Scandal has been handled very well
Beneath the shock and drama, show was always about people acting out of complex desires
It’s handled. Thursday night we say goodbye to Olivia Pope (Kerry Washington), her gladiators on Scandal and all the fruit analogies that have been used to describe its seven seasons: juicy, pulpy, seedy, ripe.
No more purposeful slo-mo walks shot in black and white. No more belted coats — for a woman on the run, Olivia sure chose complicated outerwear. No more OMG murders — is there a major
Scandal character who hasn’t committed murder?
No more suspect photos slapped onto the artfully cracked glass wall in Olivia’s office. (My favourite parody of Scandal was the SNL sketch with Lena Dunham as Olivia’s new intern, who kept squealing, “But where did you get that photo? How do you know his computer password?” And so on.)
There is much discussion this week about the show’s legacy and that’s legit. Show creator Shonda Rhimes wanted TV audiences to get comfortable with seeing women in power onscreen and especially women of colour. Mission accomplished. (“How does it feel to be the most powerful person in the world?” Cyrus asked Olivia. “It feels right,” she replied.)
Then there’s this: Olivia rigged an election and had an abortion, and there was a lot more gasping about the former.
Washington killed every moment, pushing the drama in her moist eyes and quivering lips right to the brink, then holding it there. She also popularized the practice of casts participating in the live-Tweeting of episodes and that was a gas — it was like being in a movie theatre during a thriller, yelling at the screen and having the actors answer back.
The show descended into absurdity rather frequently. Olivia running across the White House lawn to kiss her lover, departing president Fitzgerald Grant (Tony Goldwyn), just before he hops onto the helicopter, in front of hordes of reporters?
Puh-leeze.
It was a hoot to watch Papa Pope (Joe Morton) shout and Cyrus (Jeff Perry) scheme, but — don’t hate me — I hope that Katie Lowes, Guillermo Diaz, Darby Stanchfield and yes, even Bellamy Young (who play, respectively, Quinn, Huck, Abby and Mellie) have built shrines to the acting lottery gods, because they got soooo lucky.
Under all the scandals, Scandal was about something really interesting: People are a mess.
We have contradictory desires and intentions. Sometimes we act and, even when we’re certain we understand why, we realize later that we didn’t have a clue. And so far — fingers crossed this holds into the finale — Rhimes doesn’t alleviate her characters’ guilt and shame. She doesn’t redeem them. Instead, she shows us how they live with it, which in the end is more humane.

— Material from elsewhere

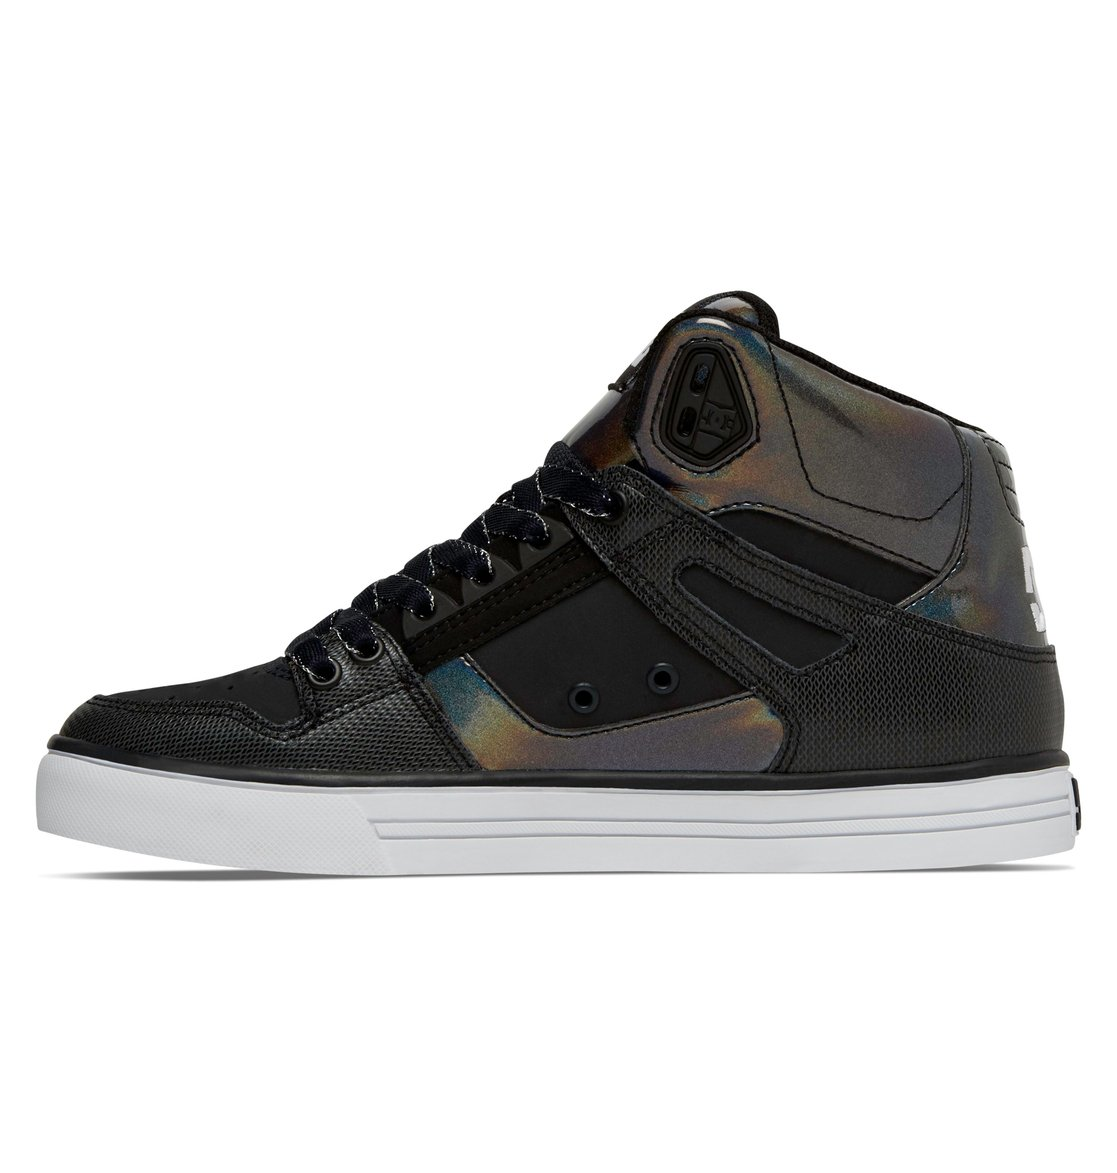 e6af71ffb6 2 Spartan High Wc Se ADJS400009 DC Shoes

One of the show’s mantras is, “Everyone is worth saving,” but it has a pretty open definition of what “saving” means.
Of course, it wouldn’t have been as addictive without that Olivia/Fitz smouldering, and Rhimes may have planted a clue to the finale in an earlier episode. “In the end,” Fitz said as Olivia snuggled in his arms, “it’s going to come down to you and me.” Over a cliff, running full speed. We’ll be watching.